CANCER: The Intriguing Inception of Uganda Cancer Institute

CANCER: The Intriguing Inception of Uganda Cancer Institute

 

We just wrapped up the cancer awareness month, let’s look at the brief history of how the Uganda Cancer Institute managed to take root and flourish to its present standard.

The institute has over the years shone bright on its core values of being committed to excellence, diligence, hard work, professionalism as well as standing for respect, integrity and equity.

It also aims at providing hope, healing while cherishing nature, culture and faith.

UCI was established in 1967 as a joint project between Makerere University Medical School, Ministry of Health and the National Cancer Institute (NCI) in the USA.

It started as a Lymphoma Treatment Centre (LTC) and the main aim was to treat childhood lymphomas, mainly Burkitt’s lymphoma.

Brief History of UCI

When Sir Albert cook built a hospital in Mengo, he highlighted some of the strange diseases he discovered in the people he treated.  Some of them were later discovered to be cancers.

This made other medical elites curious hence the creation of the cancer registry in 1948 at the medical school.

Later in the early 1950s, a surgeon from Ireland, named Dr. Denis Burkitt joined Mulago and among his patients were children with swollen faces which had no explanations and no clear diagnosis after biopsies was done.

Since he was a great writer, he wrote an article describing what he saw.

“It actually became a sensation, it indicated a new disease entity and in 1958 after the article was published, it indicated that it was actually a cancer, a lymphoma for that matter and because it had not been described before they decided that it must be given a new name since it was a new discovery.

Due to lack of a name, the disease was named after him hence the name Burkitt’s lymphoma.

This disease actually cast Uganda into the lime light because it was something to explore since it had not been seen elsewhere in the world,” says Dr Jackson Orem, the current director UCI.

Dr Burkitt’s article was later published in scientific journals that spread all over the world.

The National Cancer Institute in the United States saw an opportunity to open up a centre in Uganda to study chemotherapy using Burkitt’s case study 1967 as they partnered with Ministry of Health and Makerere University hence the birth of UCI.

Operation

It was then solely in control of Denis Burkitt as he was the first surgeon who discovered that the unusual children tumor that attacks the jaw and abdomen could be cured with chemotherapy other than surgery.

Later, NCI and Makerere University agreed to open a lymphoma clinic in one of a few vacant buildings that once housed old Mulago hospital.

They opened with only twenty beds and later in 1969, UCI added more twenty beds totaling up to forty as well as an addition of a Solid Tumor Center proposed to research on Kaposi’s sarcoma and liver cancer.

Between the 1960s and 1970s, UCI was ranked the leading international medical research center, in its areas of focus. It later made a partnership with the National Cancer Institute (NCI) in Bethesda, Maryland for more efficiency and support.

When Idi Amin sent away Asians in 1972, most NCI’s scientists left and Professor Charles Olweny, a Uganda researcher, who was advancing his studies at NCI in the USA abandoned his studies, came back home and became the first Ugandan director of UCI.

This time the government took the initiative to completely fund UCI.

“In 1980s, during Obote II’s regime, the government realized it would no longer provide funding to UCI because of the economic constraints.

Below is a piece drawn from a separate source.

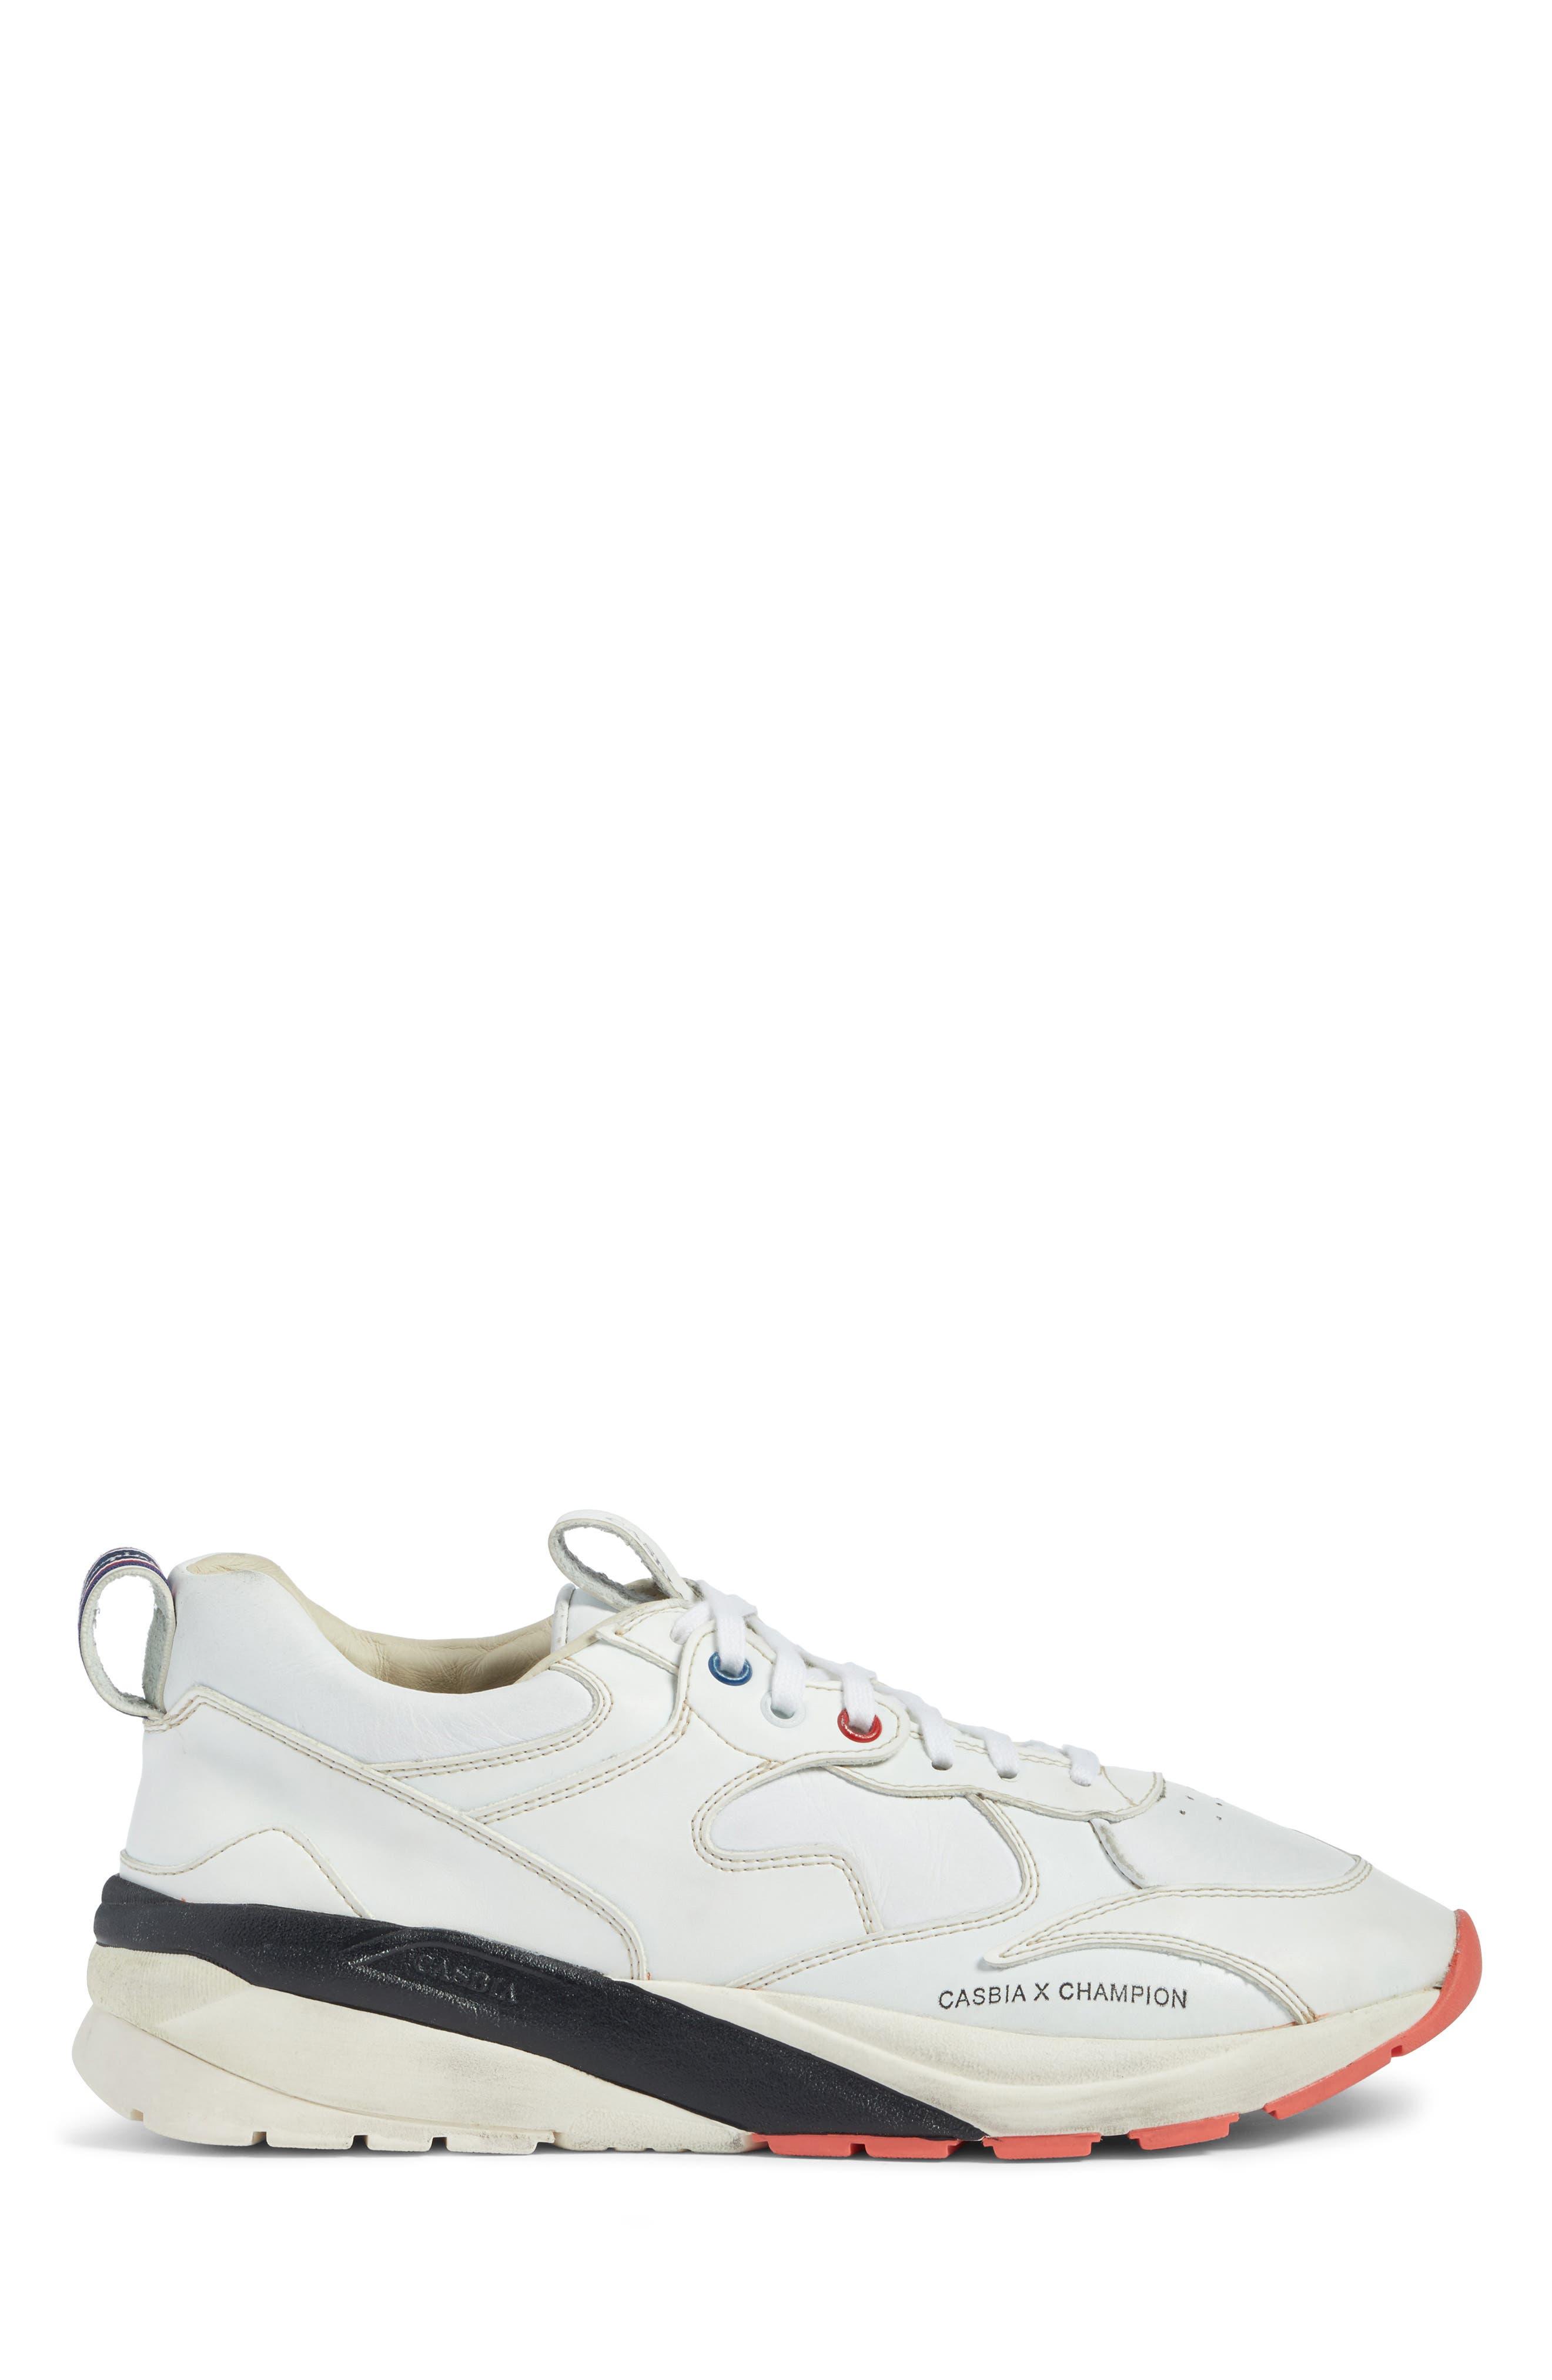 Champion Veloce ATL Sneaker,                             Alternate thumbnail 3, color,                             White Leather

One fact that remained was that cancer was a problem being swept under the carpet.

Those with Karposi’s Sarcoma and lymphoma were just dying. In 2000 onwards, the numbers of cancers were going high. The assistance of government was not clear and yet people were suffering.

In 2014, that is when I become director and my task was to engage the Ministry of Health.

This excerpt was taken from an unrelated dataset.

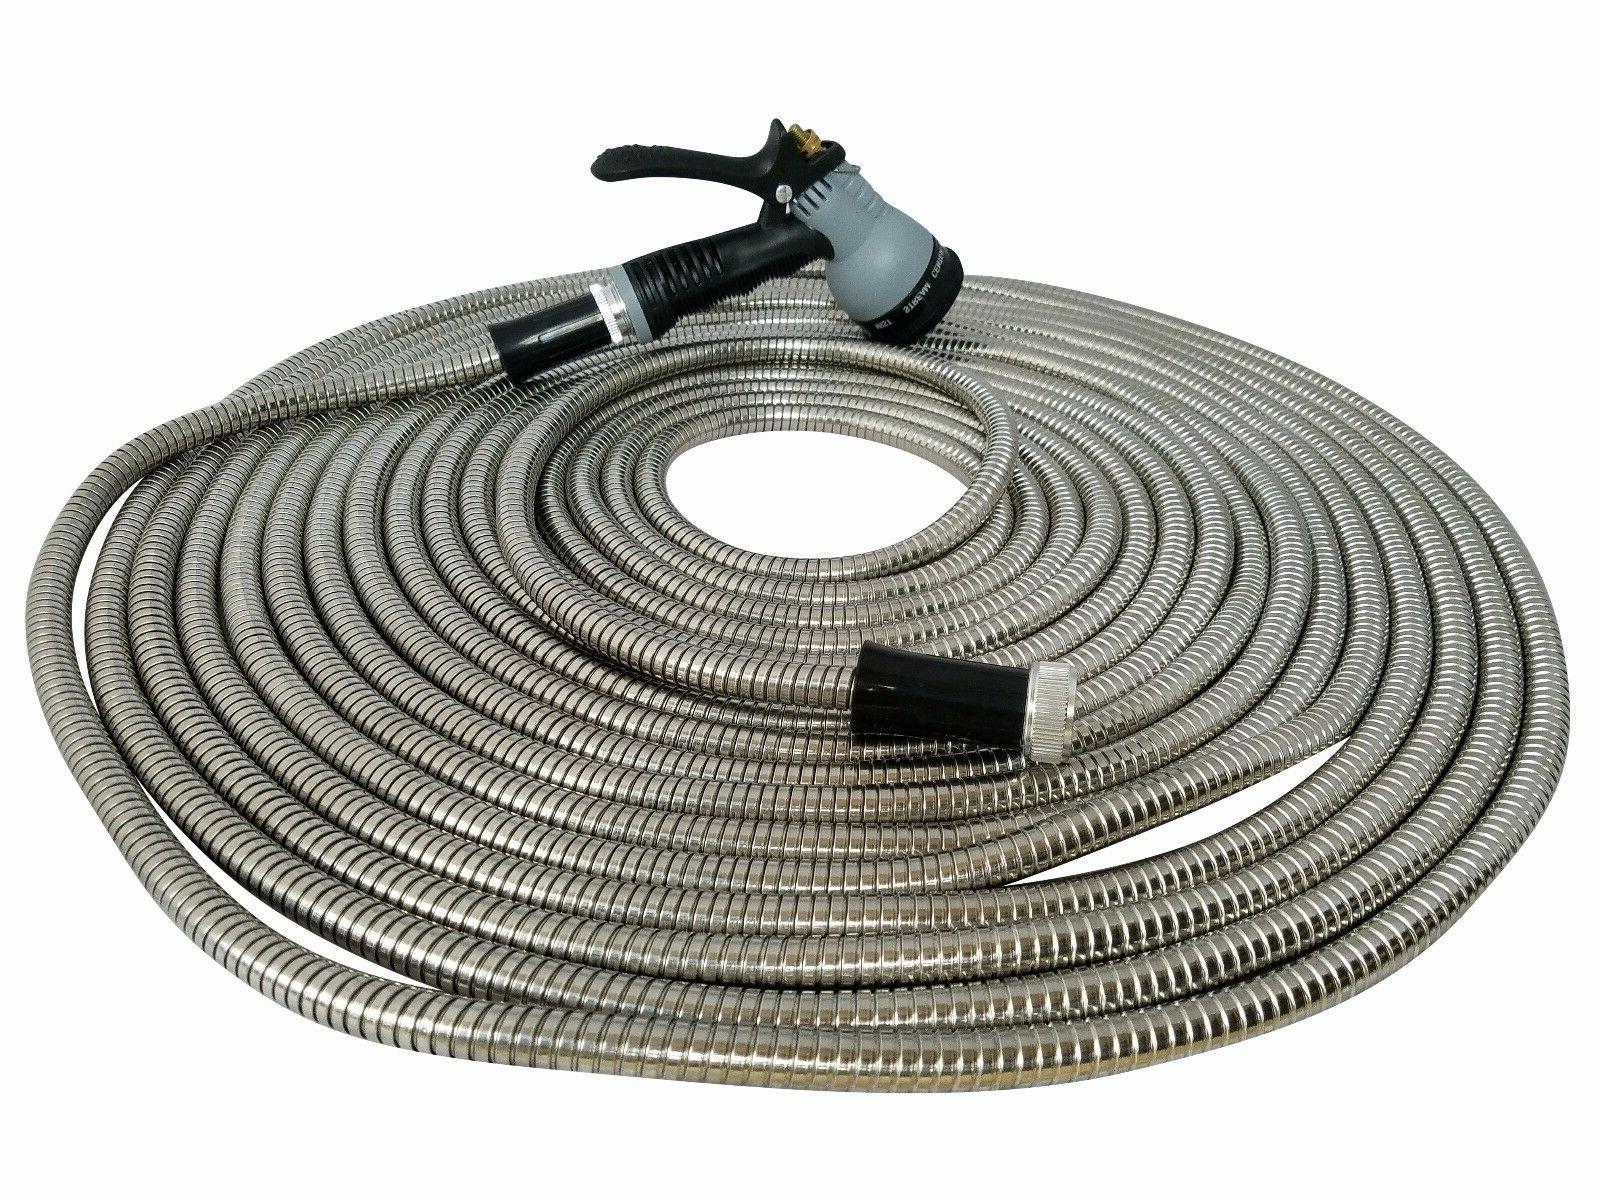 metal garden hose 50 ft stainless steel

I talked to then director General of Health, Dr Sam Zaramba who I told that something must be done about the institute and he asked me to find out what other people were thinking.

I then organized a symposium which concluded positively,” narrates Professor Olweny.

Current situation

UCI was voted at the East African community (EAC) level as a center of excellence for Cancer treatment in East Africa.

There are plans to establish the EAC Cancer Regional Center and the IAEA is also planning to open up the Virtual University Center for Cancer Control at the UCI.